ABOUT ME
E-Mail: cornek@itu.edu.tr | Phone: +90 212 285 68 64
Cem Örnek conducts comprehensive research on material degradation and deterioration mechanisms, with a particular emphasis on localized corrosion and crack formation. His work focuses on developing advanced materials and surface engineering solutions for the automotive, steel manufacturing, energy, and biomedical industries.
His expertise includes next-generation microstructure modelling and characterization, integrating corrosion considerations into material design, innovative microstructures, and functional coatings. He employs computational and experimental approaches to investigate and enhance the hydrogen-trapping capabilities of nanoparticles and intermetallic compounds with the aim to combat hydrogen embrittlement, as well as their influence on corrosion resistance.

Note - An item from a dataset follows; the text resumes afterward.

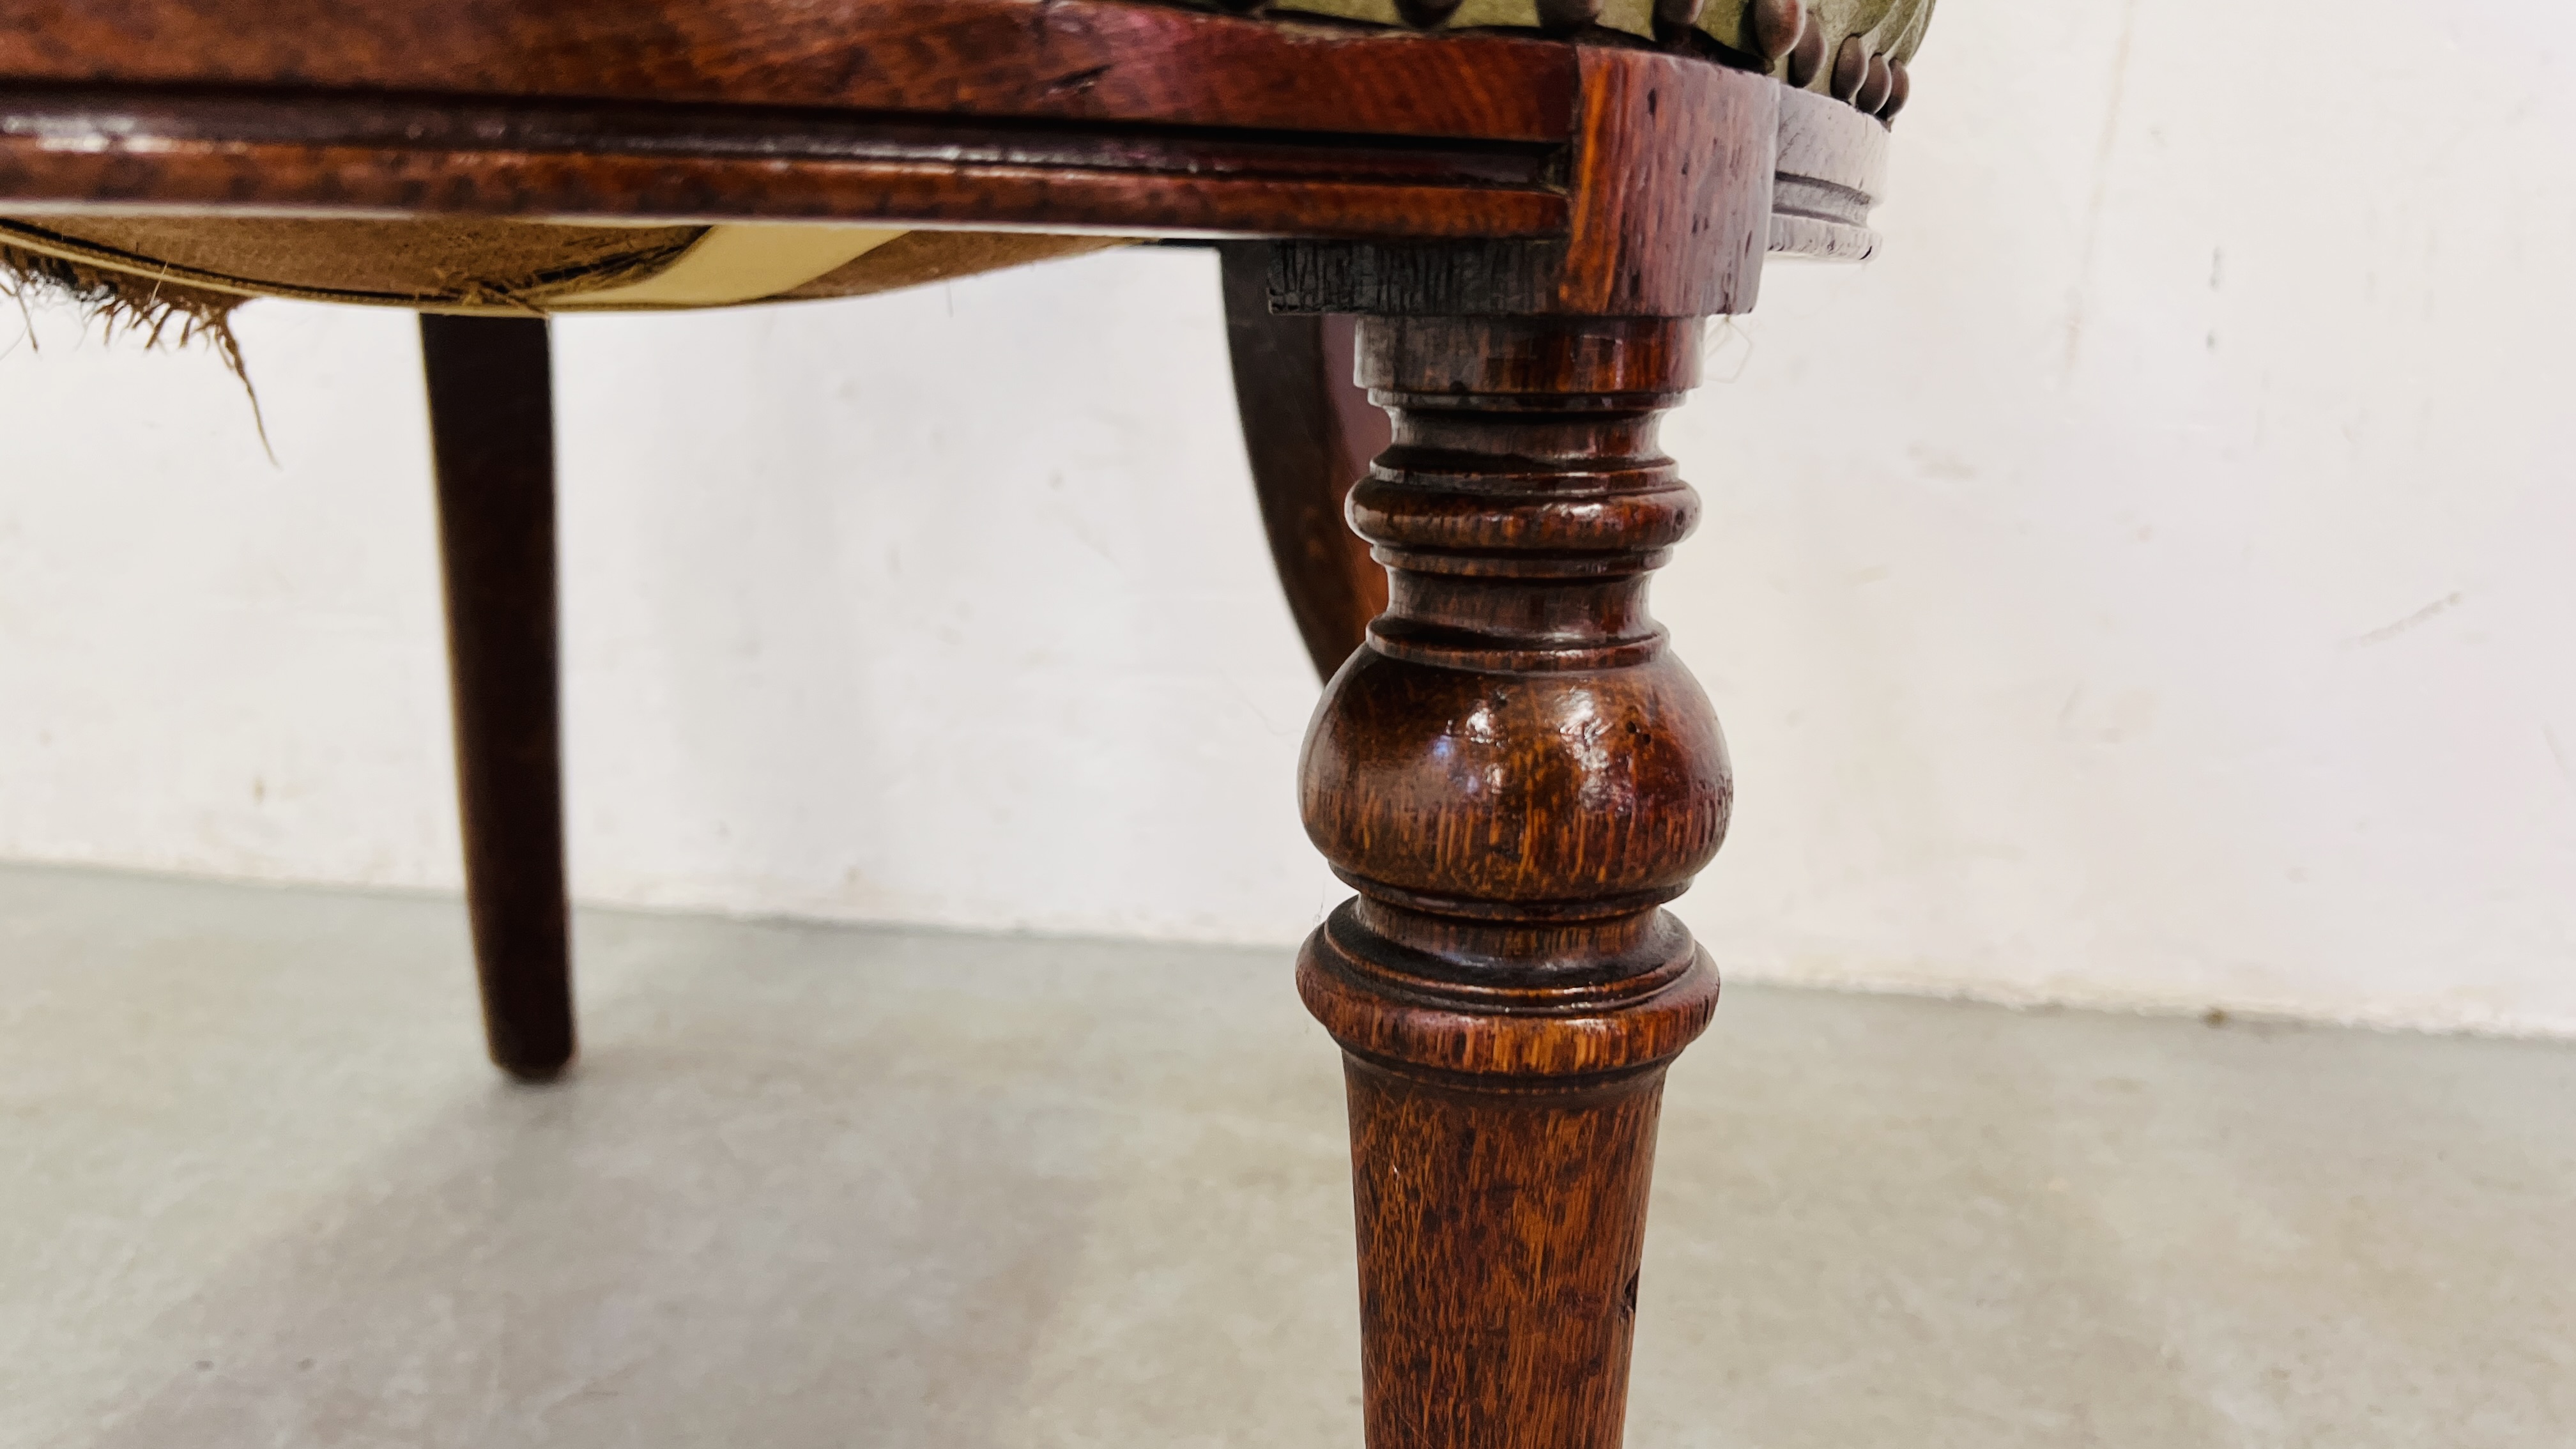 AN ANTIQUE OAK FRAMED TUB CHAIR WITH BOTTLE GREEN LEATHER UPHOLSTERY AND STUD DETAILING. - Image 5 of 7

Dr. Örnek also specializes in tribology (friction, wear, and lubrication science) and tribocorrosion (the interplay of wear and corrosion mechanisms), focusing on the development of surface engineering solutions for high-temperature and extreme environments. His research includes advanced surface technologies, such as physical vapor deposition (PVD) coatings, aimed at improving mechanical wear resistance and corrosion protection.
In the biomedical sector, he designs biocompatible, high-corrosion-resistant, and multifunctional coatings, while also exploring the applicability of high-entropy alloys and other advanced materials. His work extends to hydrogen permeation barriers, cathodic protection strategies, and smart material systems, contributing to cutting-edge innovations in these fields.
His experimental research leverages real-time, time- and spatially-resolved operando synchrotron techniques to investigate corrosion and material degradation mechanisms under real-world conditions. Additionally, he utilizes density functional theory (DFT) modeling and computational materials science methods to analyze the role of corrosion and hydrogen embrittlement in material design.
At The Department of Metallurgical and Materials Engineering, he teaches Corrosion and Corrosion Protection, Surface Treatments, Materials Science, Statistics and Probability, and MATLAB Programming. Through his interdisciplinary research, he continues to advance innovative material solutions for the automotive, steel manufacturing, energy, and nanotechnology sectors.
He also serves as the Director of ITUnano - Nanotechnology Research Center.